Data Integration
- pipeline.code.dintegrate.utils.stable_gene_filter(AHBA_mean, sn_ex, region_, common_genes)[source]
Identifies genes with consistent spatial patterns between AHBA and snRNA-seq data.
- Parameters:
AHBA_mean (pd.DataFrame) – Regional mean expression matrix from AHBA data. (regions x genes)
sn_ex (pd.DataFrame) – Processed snRNA-seq expression (smooth_cells x genes)
region (list of str) – List of brain region names to include in the analysis.
common_genes (list of str) – List of gene names present in both AHBA and snRNA-seq datasets.
- Returns:
DataFrame with genes and their cross-modality spatial correlation scores
- Return type:
pd.DataFrame
- pipeline.code.dintegrate.utils.calculate_thresholds(ahba_mean, sn_data, align_csv, percentile=0.1)[source]

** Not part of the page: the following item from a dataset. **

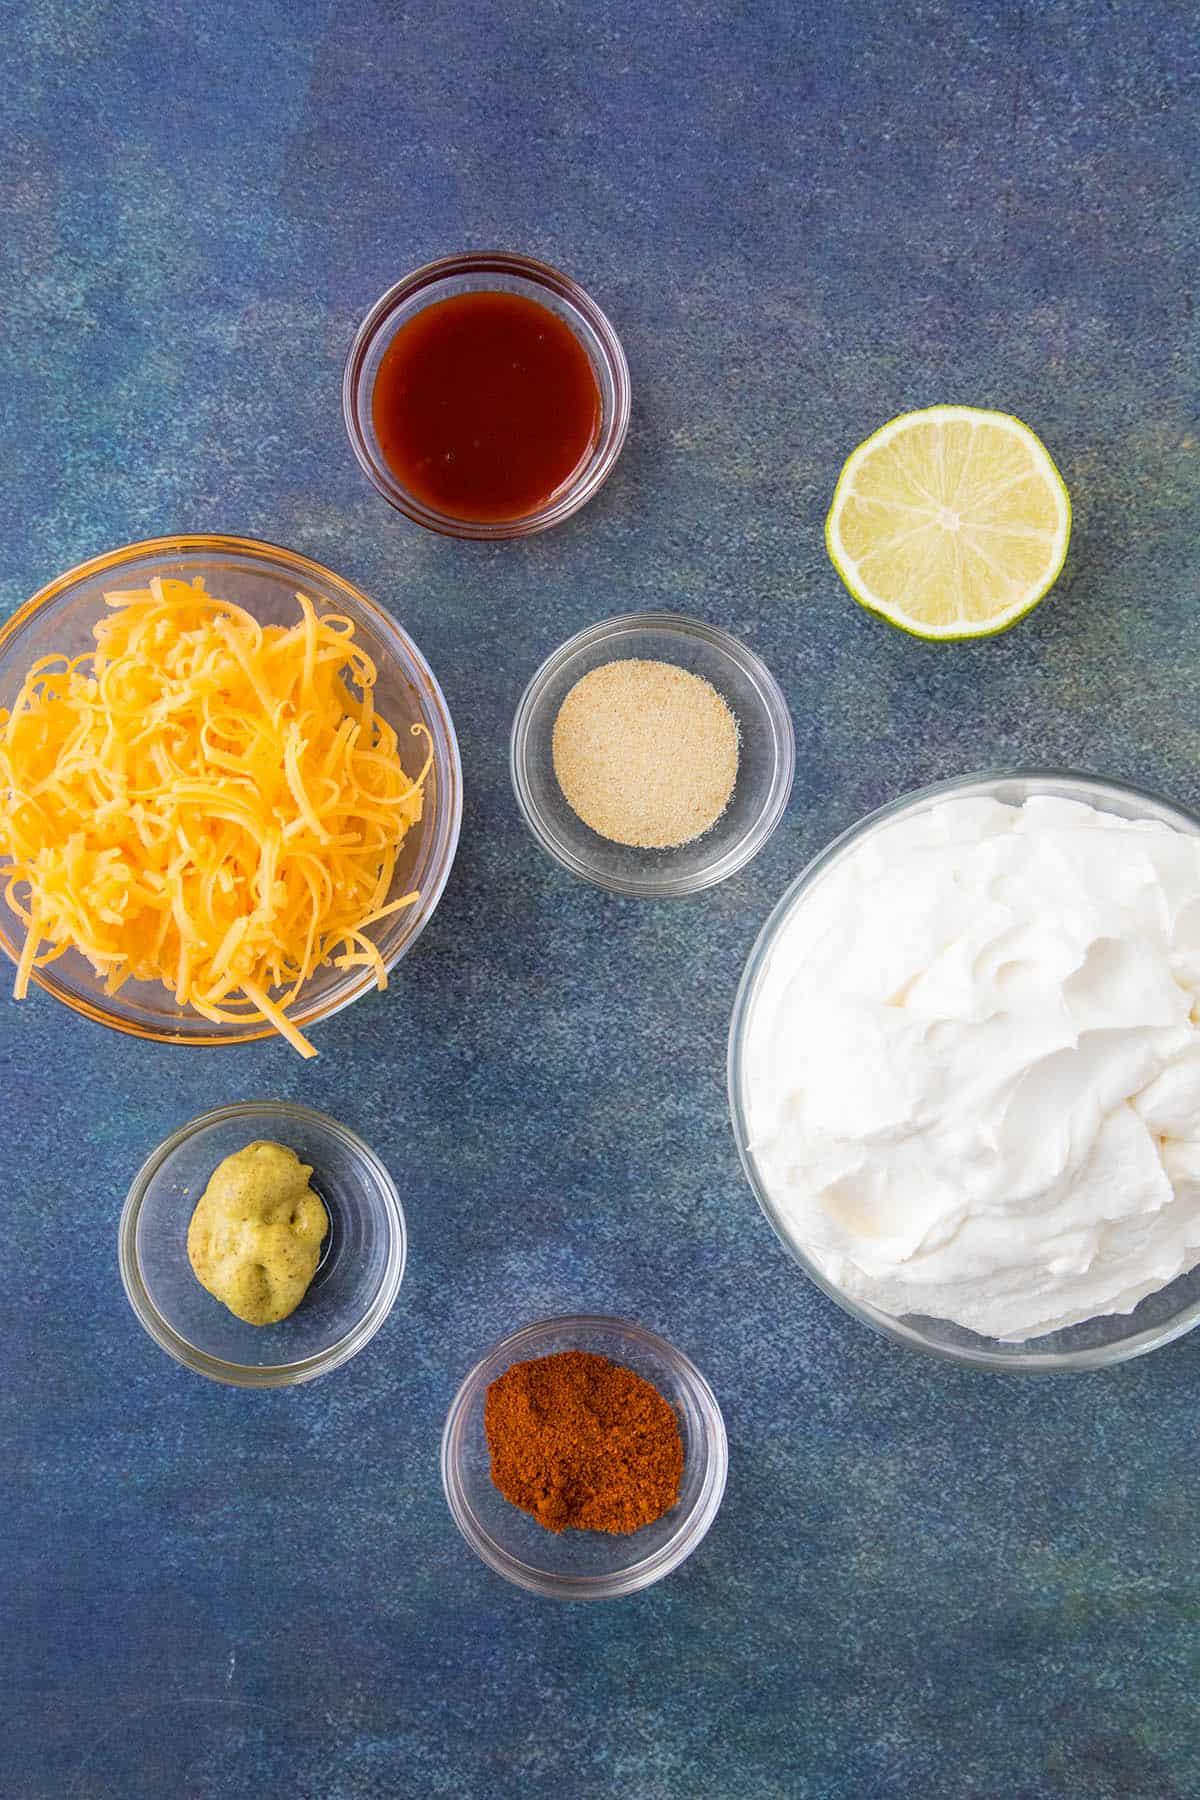 Sour Cream Dip Ingredients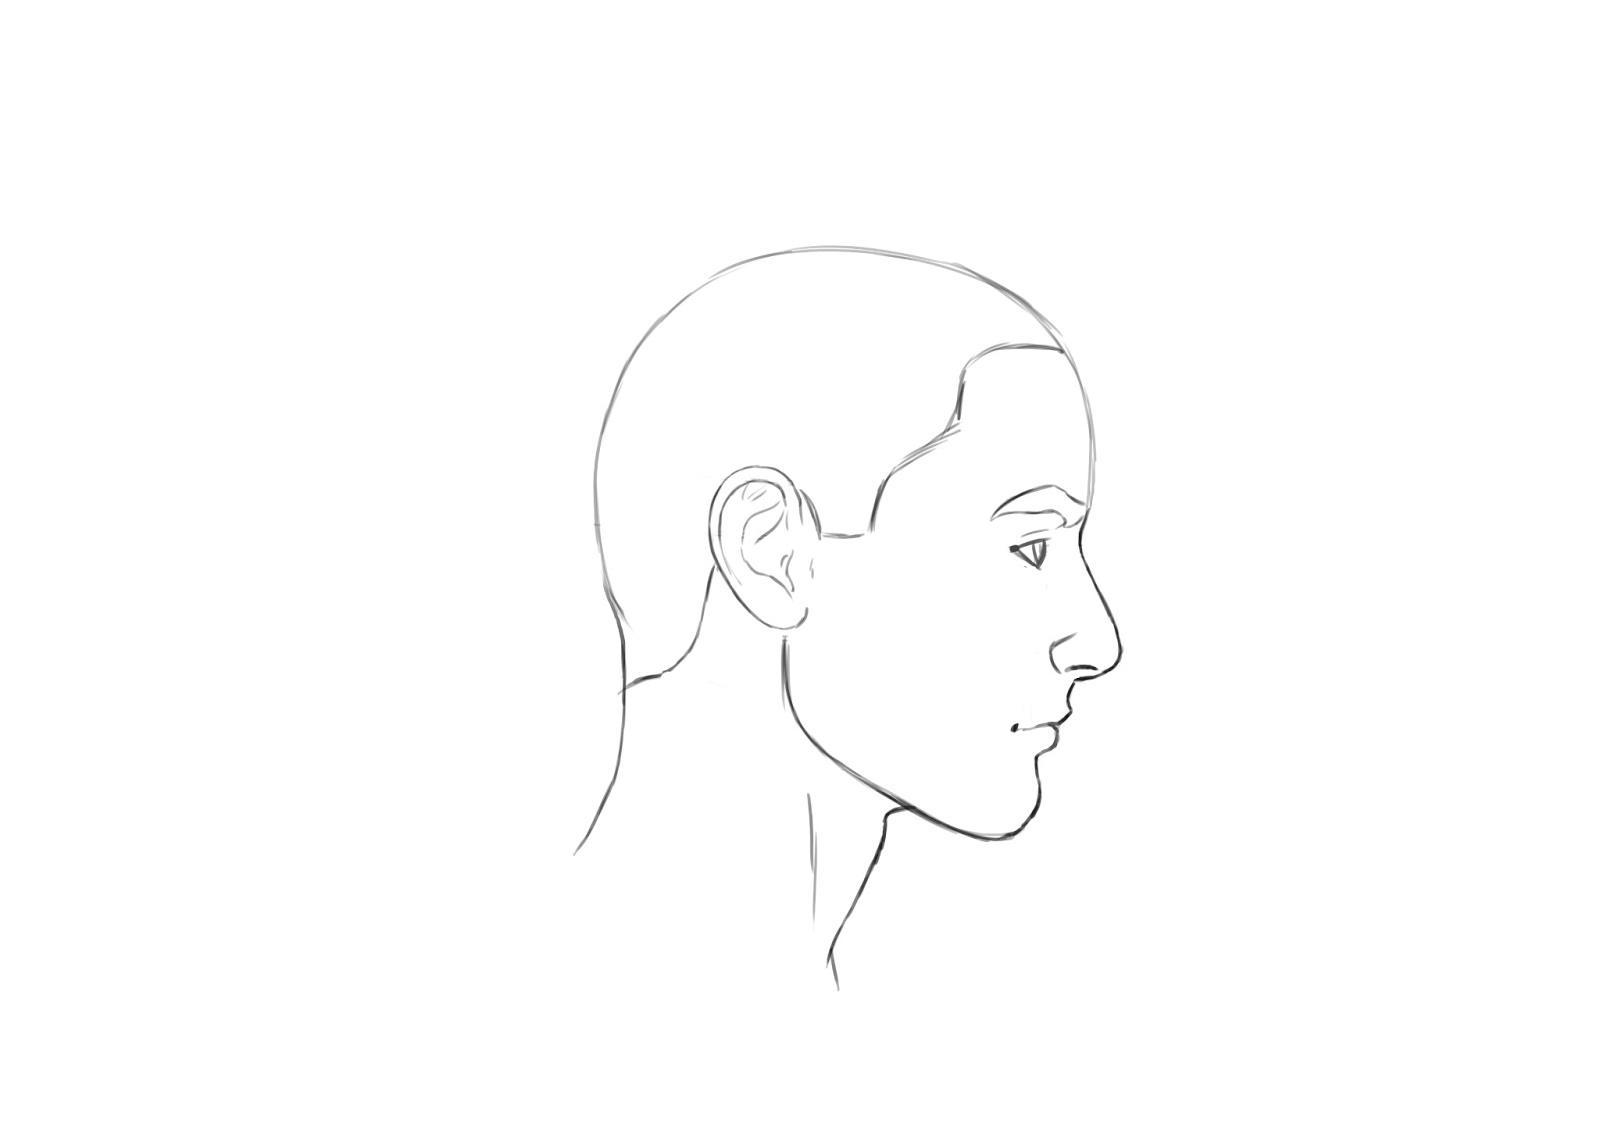 Drawn profile hairline : how Panos around Illustrator

Calculate regional correlation thresholds between AHBA and single-nucleus data.
- Parameters:
ahba_mean (pd.DataFrame) – AHBA mean expression matrix (regions x genes), where each row corresponds to a brain region and each column to a gene.
sn_data (pd.DataFrame) – Single-nucleus expression data (smooth_cells x genes), with cell-level expression profiles aligned to brain regions.
align_csv (pd.DataFrame) – Alignment table containing two columns: ‘brain_region’ for AHBA region names and ‘sn_region’ for corresponding snRNA-seq region labels.
percentile (float, optional) – Top percentile used to define the correlation threshold (default is 0.1, i.e., top 10%).
- Returns:
A dictionary mapping each AHBA region (str) to a tuple (correlation, p-value), representing the correlation threshold at the given percentile.
- Return type:
dict
- class pipeline.code.dintegrate.main.DataIntegrator(config)[source]
Bases:
objectSingle-nucleus dataset and AHBA dataset integration processor.
For weighted integration of Allen Brain Atlas sample expression data with single-nucleus RNA-seq data to construct integrated expression matrices. Supports parallel processing and optimized downsampling.
- __init__(config)[source]
Initialize the data integration processor.
- Parameters:
config (object) – Configuration object containing parameters for integration.
- run()[source]
Execute the integration pipeline.
- Return type:
None
- Steps:
Construct the cell pool if cfg.pool is True.
Clean the pool to remove repeatedly assigned cells.
Perform weighted integration over multiple iterations.
Generate final integrated anndata files.
- pool_construction(row)[source]
Retain smooth cells with expression similarity in the top 10% of AHBA regional mean expression values for the sampling pool.
- Parameters:
row (pandas.Series) – A row from the alignment CSV representing a brain region mapping.
- Return type:
None
- clean_pool()[source]
Screening of repeatedly assigned cells.
Cells that are assigned to more than a configured threshold number of regions are removed from the integration pool.
- Return type:
None
- weighted_average(brain_region)[source]
Perform weighted integration of cell expressions from the pool with samples.
- Parameters:
brain_region (str) – The brain region for which integration is performed.
- downsample_data(region_pool)[source]
Downsample cells from the constructed pool.
- Parameters:
region_pool (pandas.DataFrame) – DataFrame of pooled cells for a brain region.
- Returns:
Downsampled pool DataFrame.
- Return type:
pandas.DataFrame
- generate_integrated_anndata(k_=0)[source]
Generate integrated AnnData object and save as h5ad file.
Reads the integrated data of all brain regions, optionally performs z-score normalization, shuffles samples, and stores the result as an h5ad file.
- Parameters:
k (int, optional) – Iteration index for output file naming (default is 0).